Balancing Environmental and Socioeconomic Sustainability: A Case Study on Heat Pumps and the Path to Net Zero for Engineering Education

We recently published a case study on the feasibility of heat pumps to reach net zero in the Engineering Professor’s Council (EPC) ethics toolkit, which is available under a CC BY-SA 4.0 license.1 The EPC is a representative body that provides a range of toolkits with resources designed to help educators and trainers integrate aspects including sustainability, ethics, and enterprise into teaching.  

Engineering is key to technological, economic, and societal progress and plays a vital role in moving towards a sustainable future. We have a significant challenge in engineering education: the tendency to view engineering as a purely technical discipline within an apolitical and acultural bubble. However, collaborations involving multiple stakeholders – industry, governments, consumers – are vital to drive change and achieve effective sustainable development by setting policies and incentives that encourage growth and adoption of low-impact technologies. It is important our engineers of the future are aware of our wider professional responsibilities including the social, economic, and cultural context in which they operate.  

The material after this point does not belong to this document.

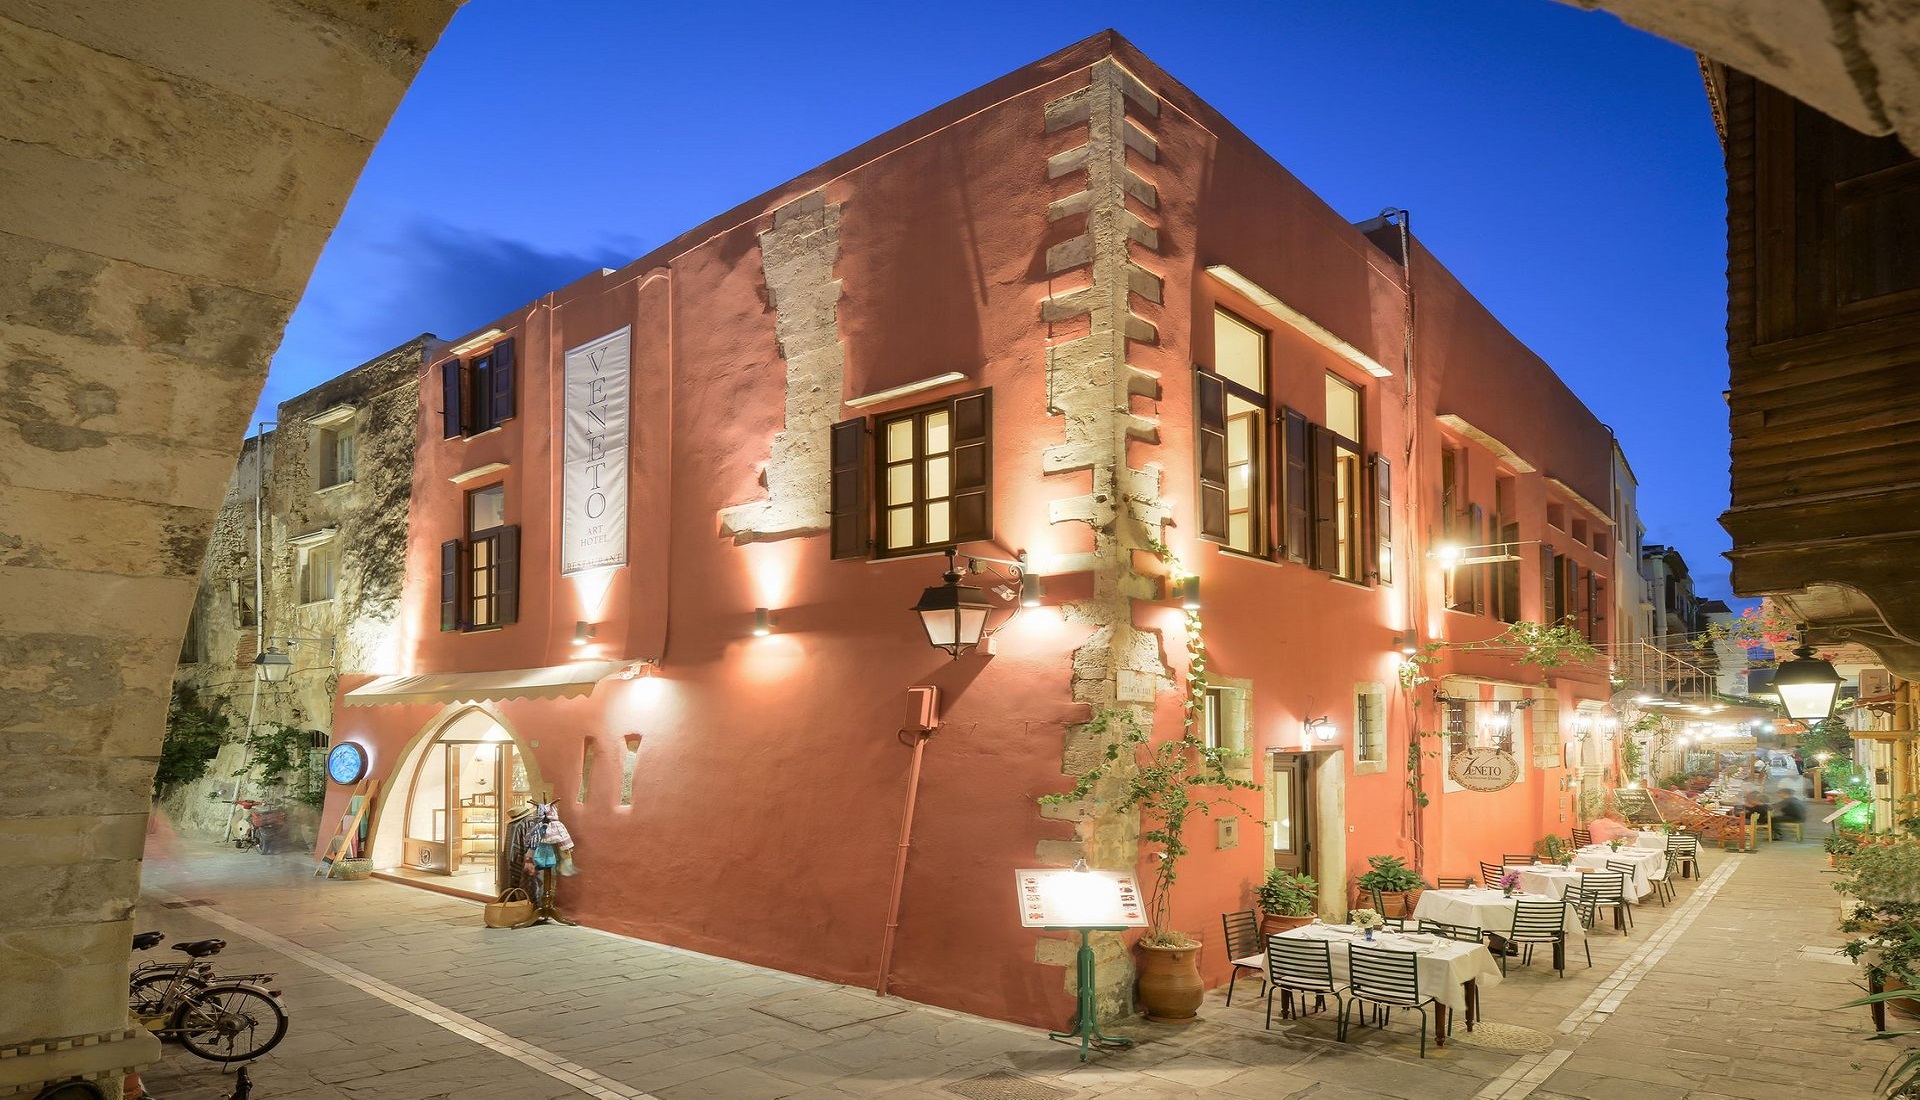 4* Veneto Hotel - Ρέθυμνο, Κρήτη ✦ 2 Ημέρες (1 Διανυκτέρευση)
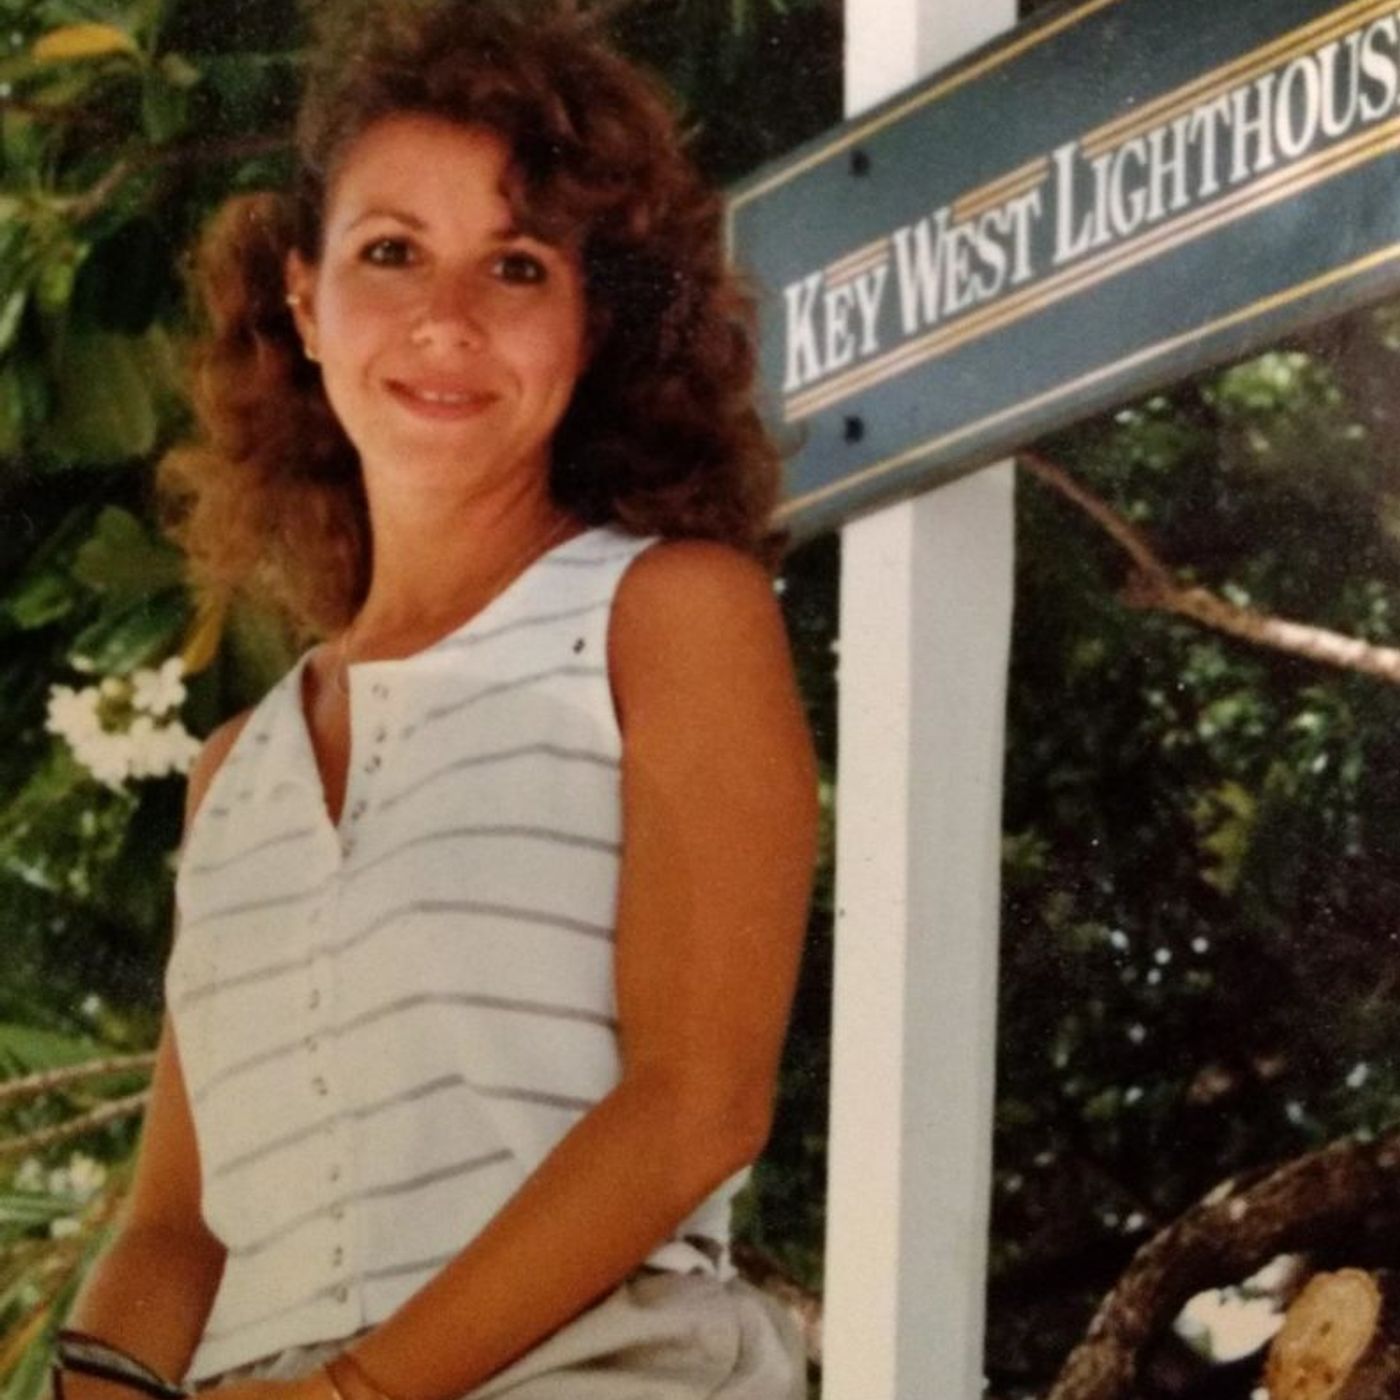 Kathy Kleiner - Living victim of attack by serial killer Ted Bundy

Figure 2: AI-generated image illustrating the competition between new and old heating technologies. 2 

This case study was designed to integrate the socioeconomic aspects of sustainability into the engineering challenge of sustainable heating in the UK. Heating is currently responsible for one-third of the UK’s annual carbon footprint, of which 17 % is associated with space heating of homes – comparable to the contribution of petrol and diesel cars.3 Heat pumps are a potential alternative to natural gas boilers, particularly for domestic heating. A heat pump receives heat (from the air, ground, or water) and work (in the form of electricity to a compressor) and then outputs the heat to a hot reservoir (the building you are heating). Worldwide adoption of heat pumps is growing rapidly with the UK Government pledging to increase the number of heat pumps installed to over 600,000 per year by 2028.4 

In this case study students participate in a guided discovery, applying their thermodynamics knowledge alongside discussions to explore the wider themes of sustainability. We have run a version of this study for two-years with undergraduate engineering students as part of their second-year thermodynamics unit. They navigate the need to balance performance, cost, and impact on the consumer. In a memorable part of the session students discover that the lifetime cost of ground-source heat pumps can equal or surpass that of natural gas boilers, due to their high capital cost and the current high cost of energy. This revelation around the increased cost of energy for renewables was a surprise to quite a few students who expected the renewable, greener option to be cheaper and lead to a shift in perspective.  

Prior to this, we ask students to select their preferred heat pump technology (air-source or ground source). The majority select the ground-source heat pump because it has a better thermodynamic performance. The interplay between the improved performance but high capital cost of the ground-source heat pump is used to draw out an important principle: that the ideal or most perfect solution is not always necessary for an effective outcome and that engineers often navigate a balance between performance and cost. Air-source heat pumps, whilst having a lower performance, have a much lower capital cost, installation footprint, and fewer constraints, and so are used quite effectively in practice. Alongside this, the differences in capital investment of these heat pumps allows students to consider how aspects of policy, primarily the importance of bursaries or subsidies, can make renewable technologies more attractive to consumers and increase uptake.  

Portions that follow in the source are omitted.